(Istanbul) Der koptisch-orthodoxe Patriarch Tawadros II. von Alexandrien unterstützte die Proteste auf dem Tahrir-Platz in Kairo gegen den islamistischen Staatspräsidenten Mursi und begrüßte dessen Sturz. Der griechisch-orthodoxe Ökumenische Patriarch Bartholomäus I. von Konstantinopel sympathisiert mit den Demonstranten im Gezi Park und auf dem Taksim Platz.
Während in Ägypten am Abgrund zu einem Bürgerkrieg steht, kann in der Türkei auch der Ramadan die Proteste gegen die Regierung Erdogan nicht stoppen.
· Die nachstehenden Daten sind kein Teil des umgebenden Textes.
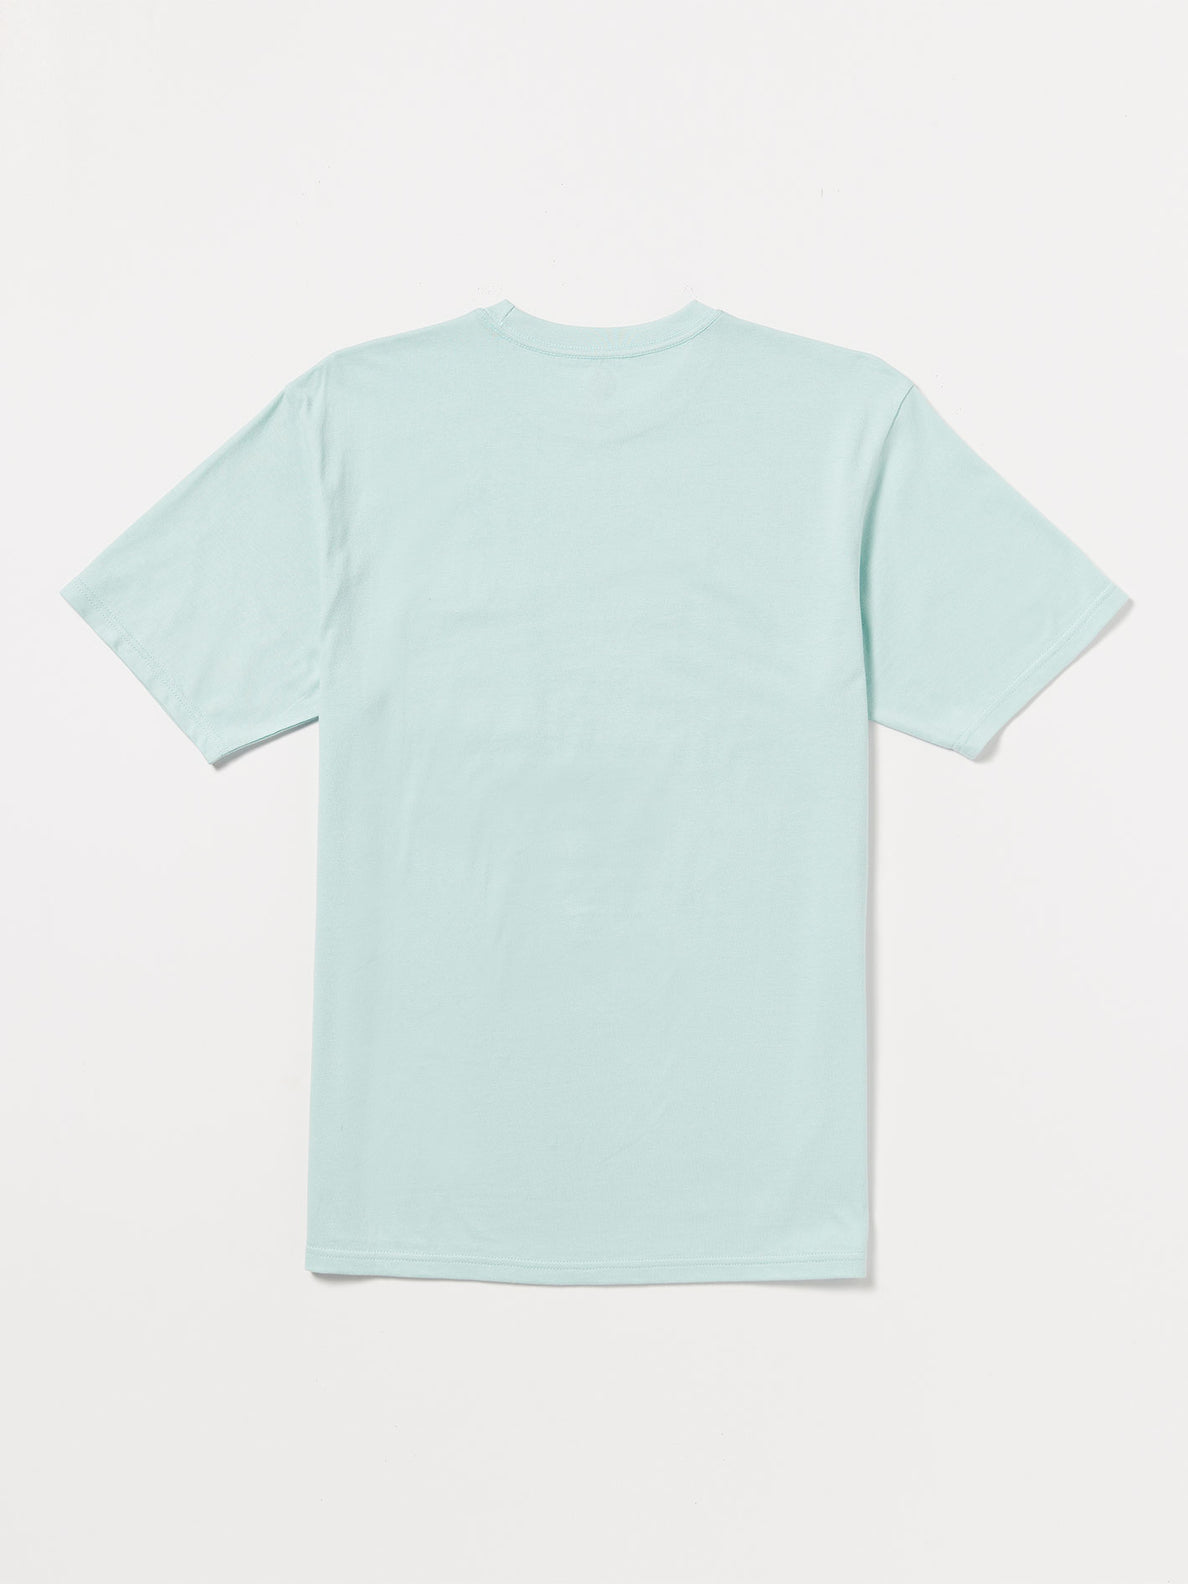 Lolani Crew Short Sleeve Shirt - Chlorine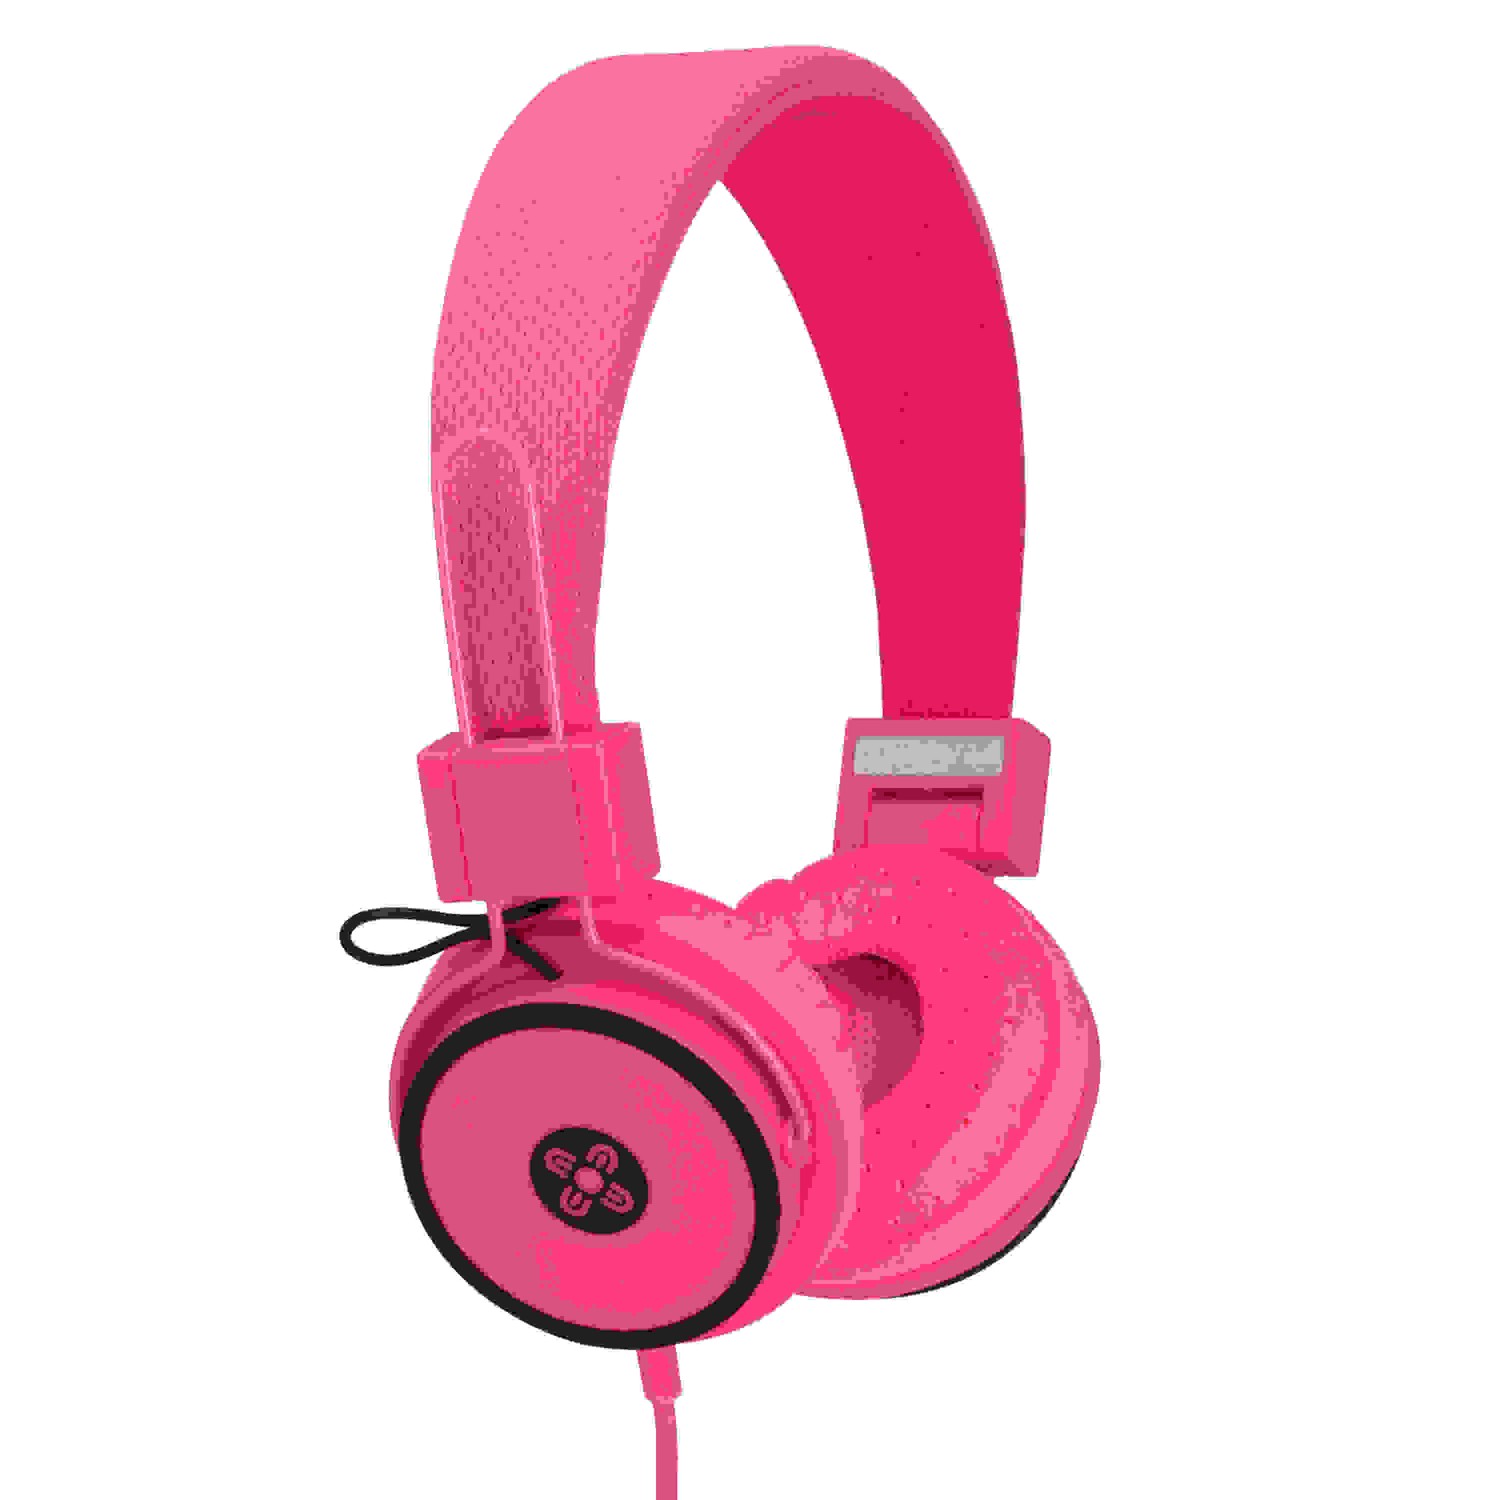 Moki ACC HPHYP Pink Hyper Headphones Are Lightweight Yet

Bei einem Iftar, einem traditionellen Abendessen nach einem Fasttag während des islamischen Fastenmonats, zu dem der Bürgermeister von Istanbul die Führer der nicht-islamischen Minderheiten eingeladen hatte, äußerte der griechisch-orthodoxe Patriarch Bartholomäus I. Interesse und Sympathie für die Anti-Erdogan-Proteste. Den türkischen Ministerpräsidenten und dessen Regierungspartei AKP erwähnte der Patriarch nicht, sprach aber von einem Wunsch nach Demokratie und Gerechtigkeit, der in der türkischen Gesellschaft wachse.
Am Iftar nahmen zahlreiche türkische und ausländische Staatsvertreter teil. Eine Gelegenheit, die Bartholomäus I. nützte, um über die Unruhen in der Türkei, aber auch über die Lage der Christen im Nahen Osten zu sprechen.
Trotz der schwierigen Lage der Christen in der Türkei wurde der Patriarch recht deutlich. Zu den Protesten im Gezi Park sagte er wörtlich: „Wir sind begeistert und freuen uns Zeugen bedeutender Ereignisse zu sein, die nach einer Lösung für langjährige Probleme suchen, die sich in der türkischen Gesellschaft aufgetürmt haben.“ Und noch deutlicher: „Und das auch dann, wenn die Suche nach Lösungen zu Spaltungen und Polarisierungen führt.“
In seiner kurzen, aber für die Regierungsvertreter irritierenden Rede, wandte sich der Patriarch auch direkt an die Regierung. Diese forderte er auf, sich für die Befreiung der beiden syrischen Bischöfe einzusetzen, die sich in der Hand von Rebellen befinden (siehe eigenen Bericht). “Ihre Entführung hat die christliche Welt schwer erschüttert und unter allen Christen des Nahen Ostens Sorge ausgelöst, die immer größer wird.“
Gleichzeitig ermahnte er die Regierung, ihre Versprechungen einzuhalten und die Wiedereröffnung des Seminars von Halki auf einer der Prinzeninseln vor Istanbul zu genehmigen. Die bedeutendste Theologische Hochschule des Ökumenischen Patriarchats war 1971 von der türkischen Regierung geschlossen worden. „Ich frage mich und dennoch gelingt es mir nicht, zu verstehen, wie es möglich ist, daß eine Türkei, die eine Lösung für die Kurdenfrage sucht, sich um eine Verfassungsreform und um eine stärkere Demokratisierung der Gesellschaft bemüht, nicht in der Lage ist, das willkürlich vor 42 Jahren geschlossene Seminar von Halki wieder zu öffnen.“
Der Patriarch erkannte „die vielen Schritte der derzeitigen Regierung und ihres Ministerpräsidenten Erfdogan an“, die diese gegenüber den Minderheiten gesetzt habe, „die diskriminiert wurden und nicht wenig Leid erlitten haben“, so Bartholomäus I. „Trotz aller Schwierigkeiten haben wir dennoch überlebt.“
Für die mutige Rede erntete der Ökumenische Patriarch von den Anwesenden nur wenig Applaus. Mehrere türkische Behördenvertreter quittierten die Worte mit regungslosem Schweigen, während sich der Bürgermeister von Istanbul und Gastgeber im Anschluß wie gewohnt für die Wiedereröffnung der Schule von Halki aussprach.